Почему бы не запустить для бывших учителей такую программу?
Не так давно гостем программы Владимира Познера на Первом канале российского телевидения был министр науки и высшего образования РФ Валерий Фальков. Познер был сильно удивлён, когда среди учебных направлений, популярных у российских абитуриентов, министр назвал педагогические специальности.
Между тем, например, в Казанском федеральном университете педагогическое направление подготовки действительно пользуется большим спросом абитуриентов. Да, молодые люди готовы учиться на учителей. Почему не все из них потом доходят до школ? Как можно помочь педагогам остаться в профессии? И какие проблемы образования выявила во всём мире пандемия коронавируса?
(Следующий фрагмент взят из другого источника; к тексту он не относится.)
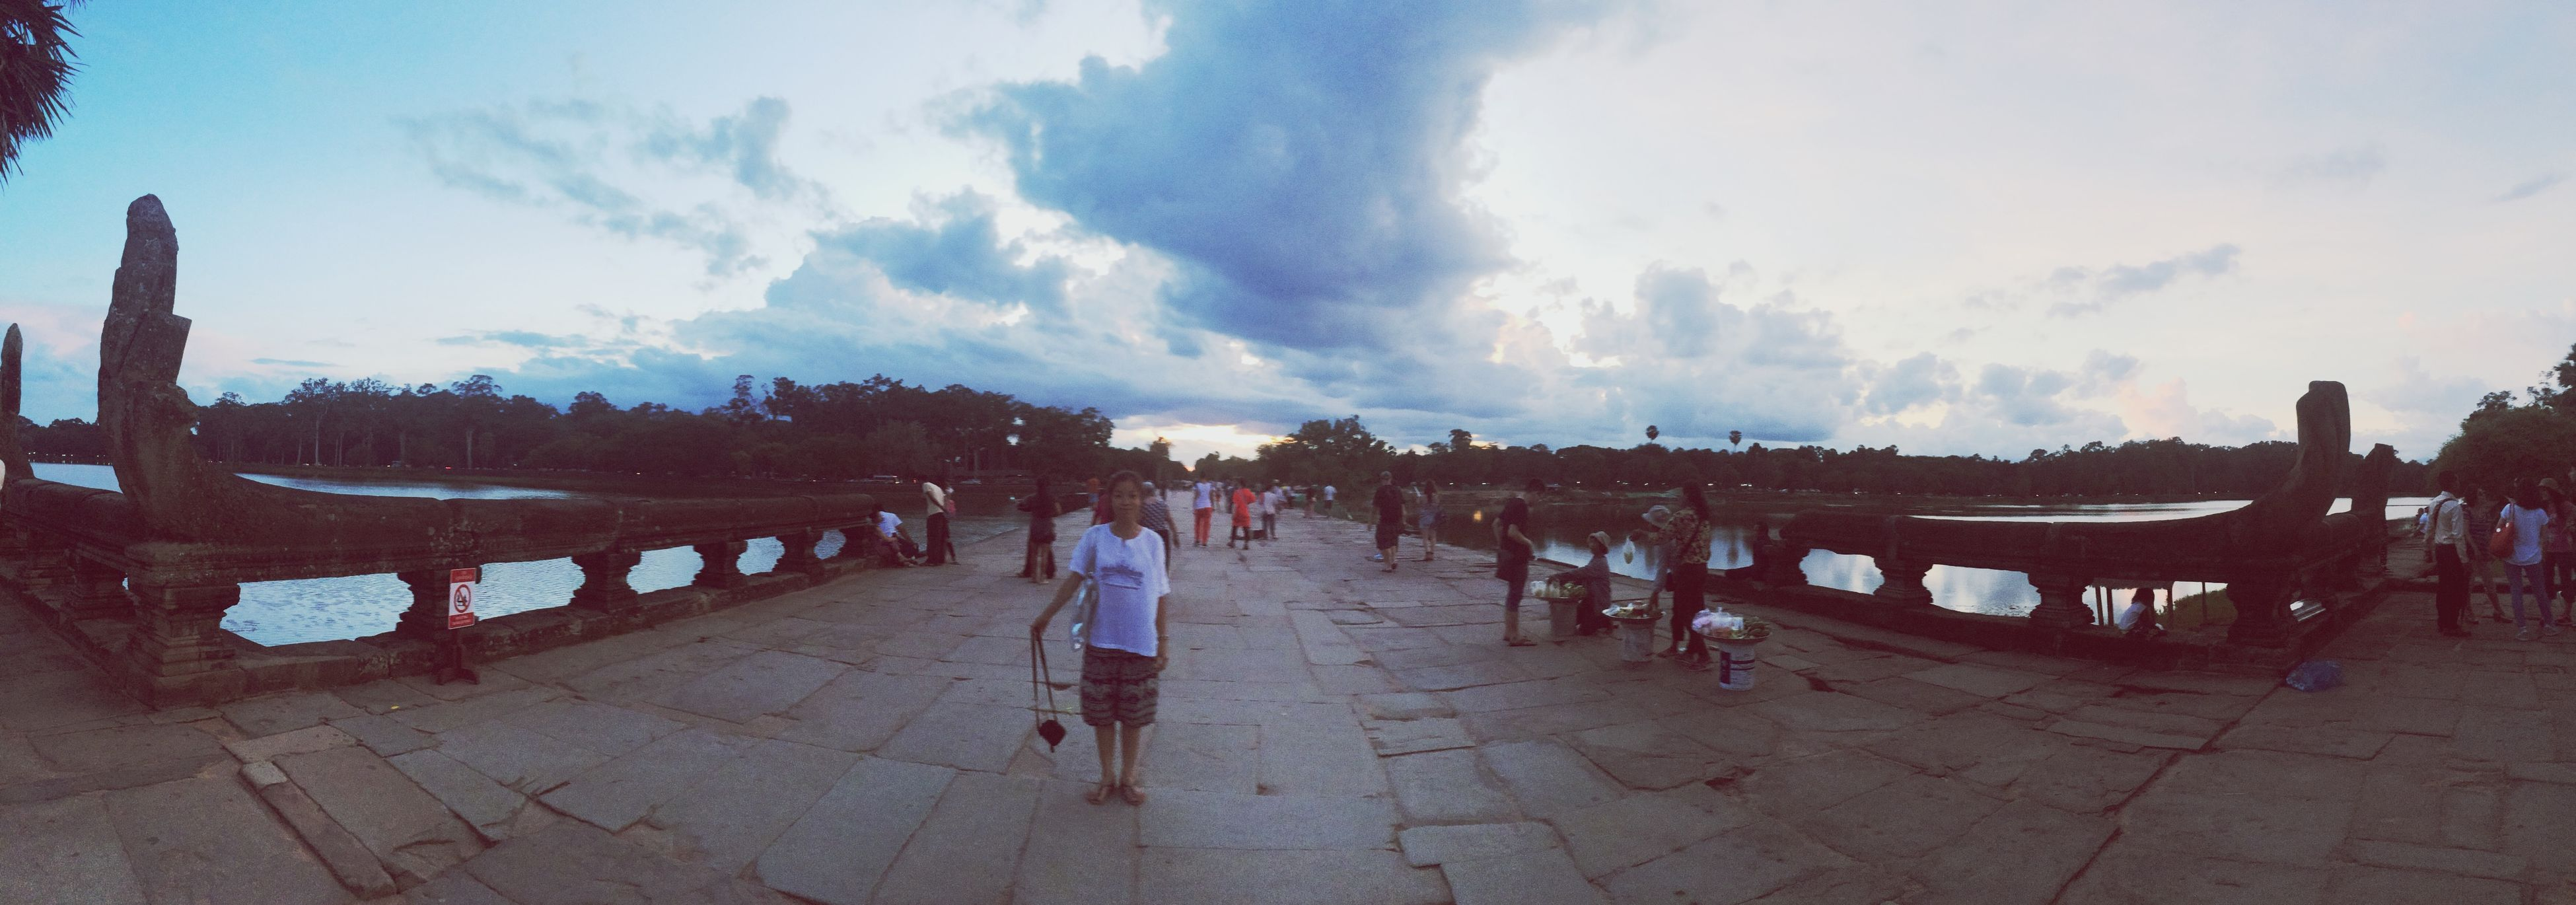 Thekingdomofwonder Cambodia Angkor Wat

Накануне августовской республиканской педагогической конференции мы говорили об этом с директором Института психологии и образования КФУ Айдаром Калимуллиным.
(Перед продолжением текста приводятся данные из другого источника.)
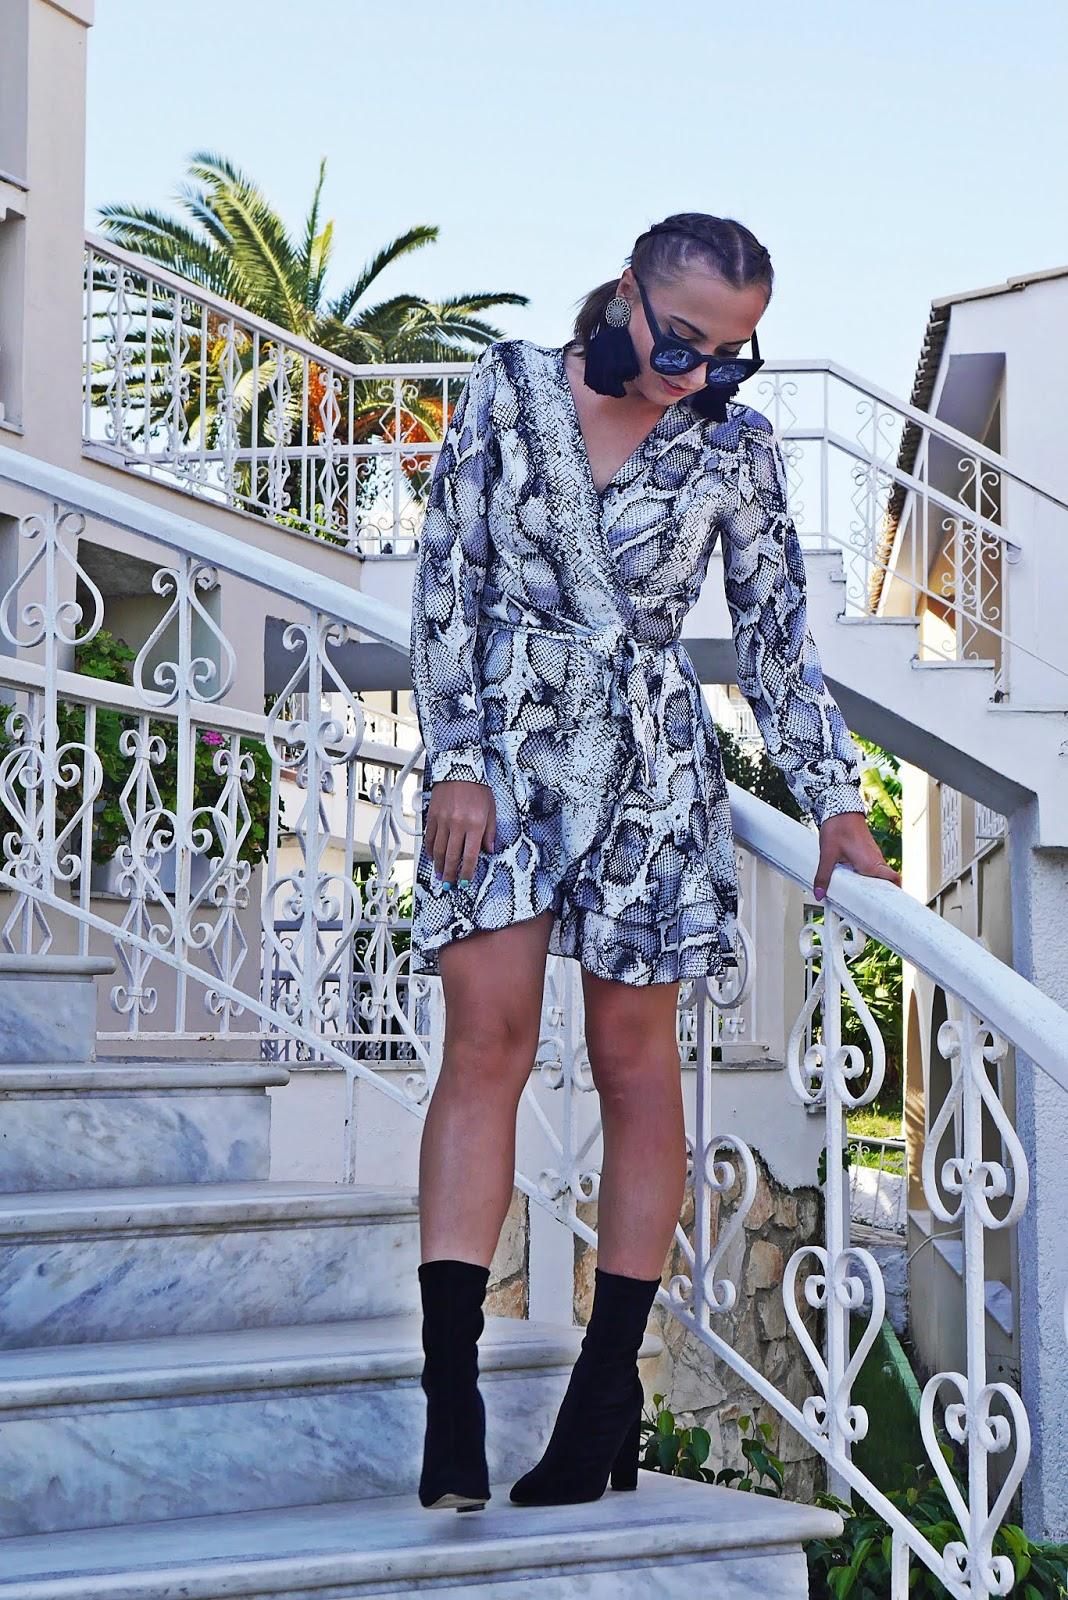 4_gray_printed_leo_snake_dress_socks_boots_black_karyn_blog_modowy_171018

– В отношении абитуриентов к педагогическим специальностям действительно произошёл в последние годы серьёзный сдвиг, – говорит Айдар Минимансурович. – Помню, когда я был ректором Елабужского пединститута, мы с трудом закрывали бюджетные места, особенно по естественно-научным специальностям. Кстати, отголоски этой ситуации наблюдаем в некоторых педагогических вузах и по сегодняшний день. В 2011 году, когда к Казанскому университету присоединяли два педагогических вуза, ТГГПУ занимал 64-е место в рейтинге по качеству приёма в России, а Елабужский пединститут – 72-е.
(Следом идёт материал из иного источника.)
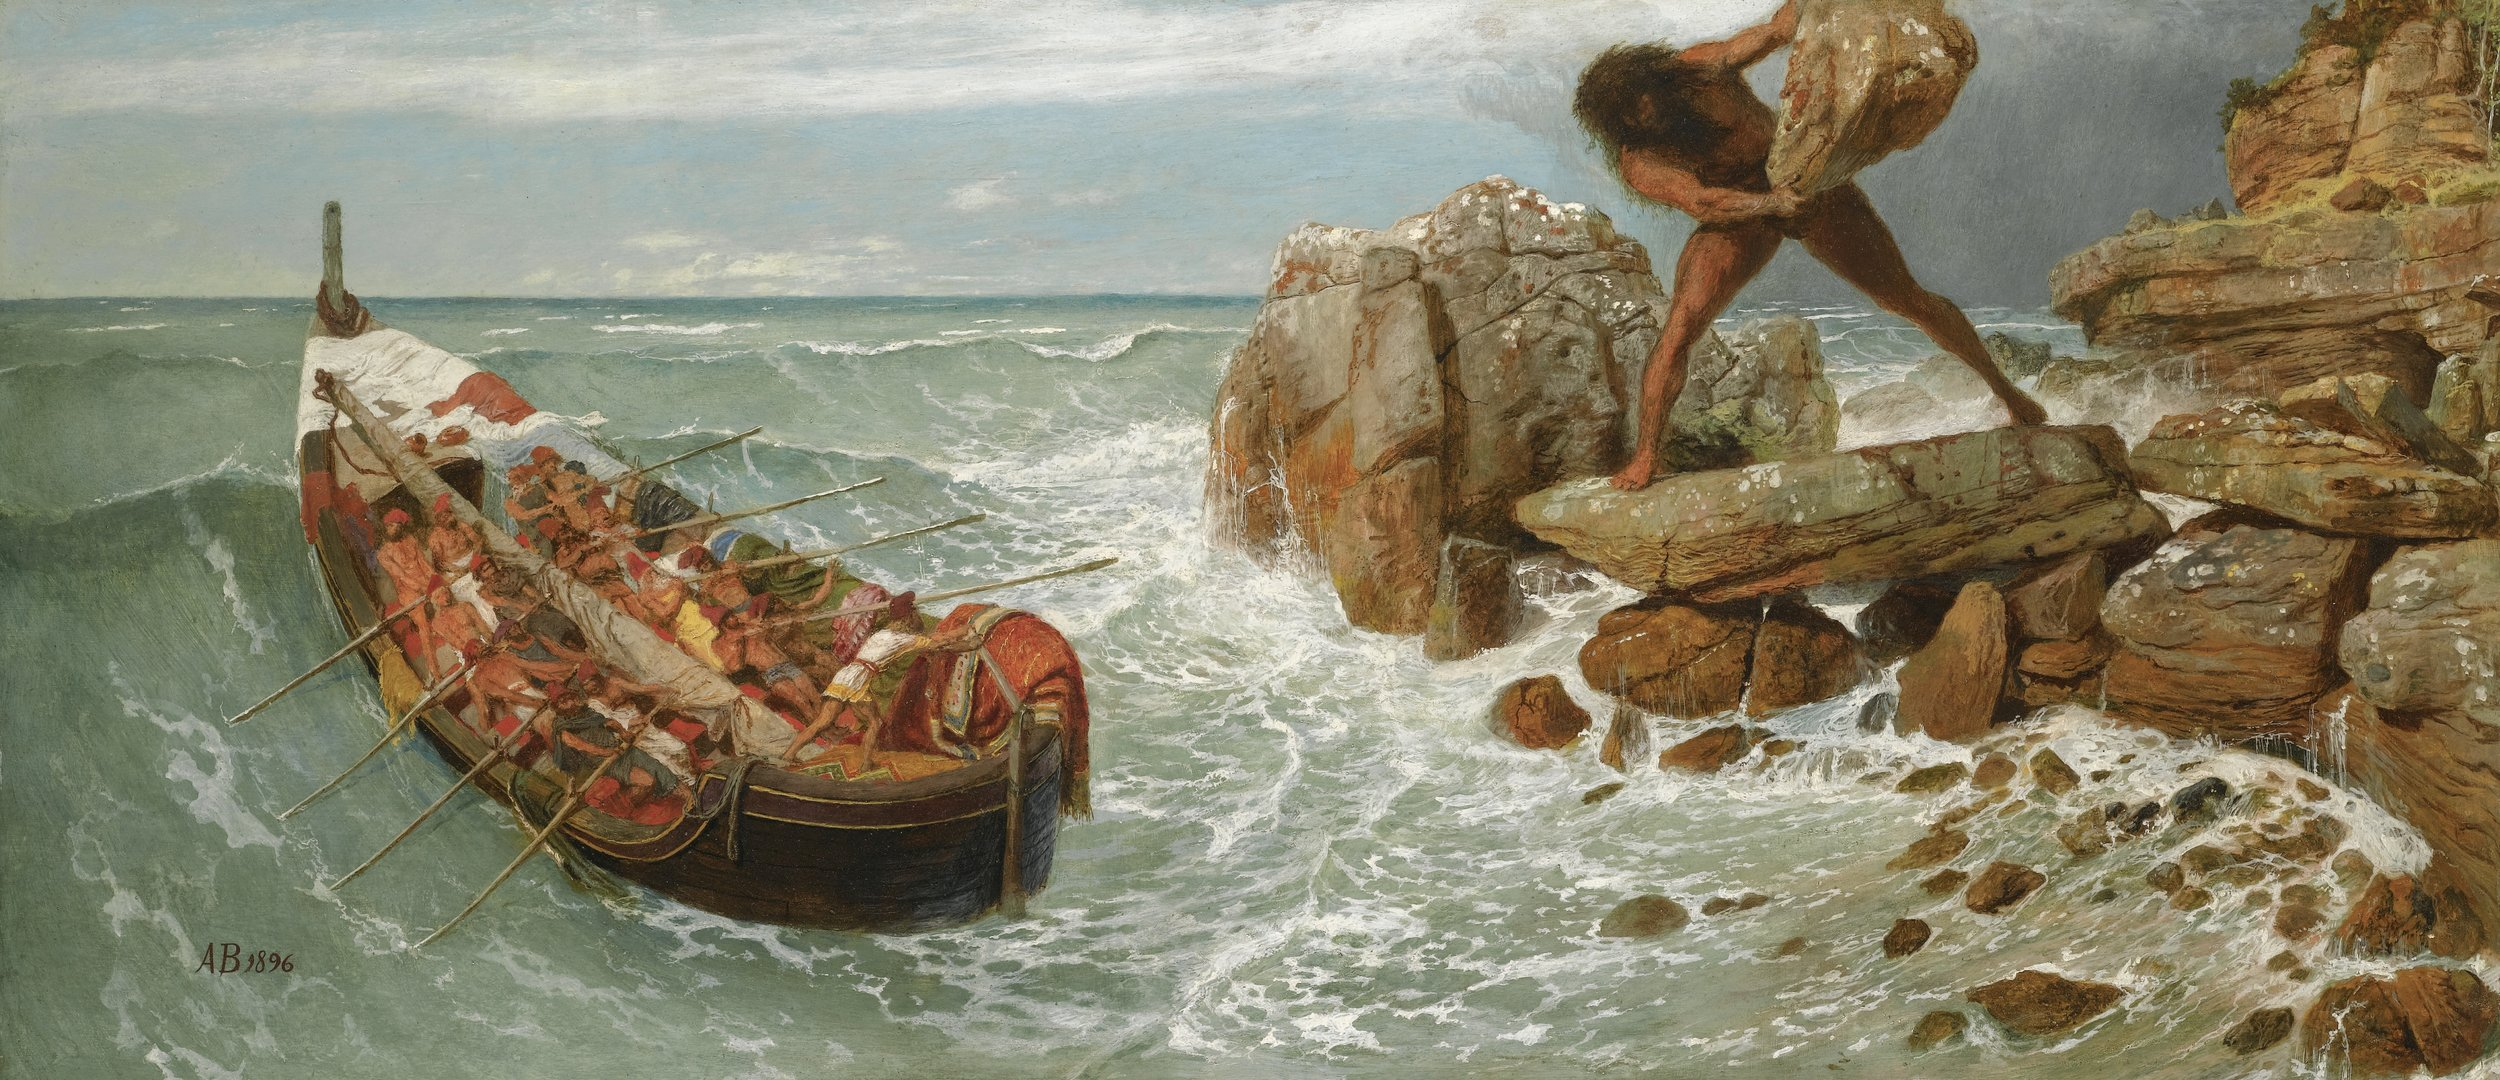 Arnold_Böcklin_-_Odysseus_and_Polyphemus.jpg

В прошлом году КФУ был в пятёрке лучших вузов по стране по среднему баллу ЕГЭ поступающих на педагогическое направление. А по контрактному приёму мы были первыми в России. Ребята с этими баллами могли поступить на бюджет в другой педагогический вуз. А пришли к нам на платное. Вот и сегодня, когда приёмная кампания 2020 года ещё в разгаре, мы имеем средний конкурс по заявлениям на педагогические профили подготовки девять человек на одно бюджетное место.
– Как вам кажется, почему так происходит?
– Потому что это КФУ. Мы ведь не зря вошли в сотню мирового рейтинга THE именно в разделе «Образование». Это другой уровень подготовки. У нас отличные лаборатории – оборудованию завидуют некоторые западные коллеги. У нас селекция преподавателей, доступ к лучшим электронным библиотекам – университет тратит по 30–40 миллионов рублей в год на подписку. Какой-нибудь маленький вуз просто не может себе этого позволить. И всё это работает на качество подготовки.
– Но эти абитуриенты – они реально планируют быть учителями или просто хотят получить достойное образование, а там как пойдёт?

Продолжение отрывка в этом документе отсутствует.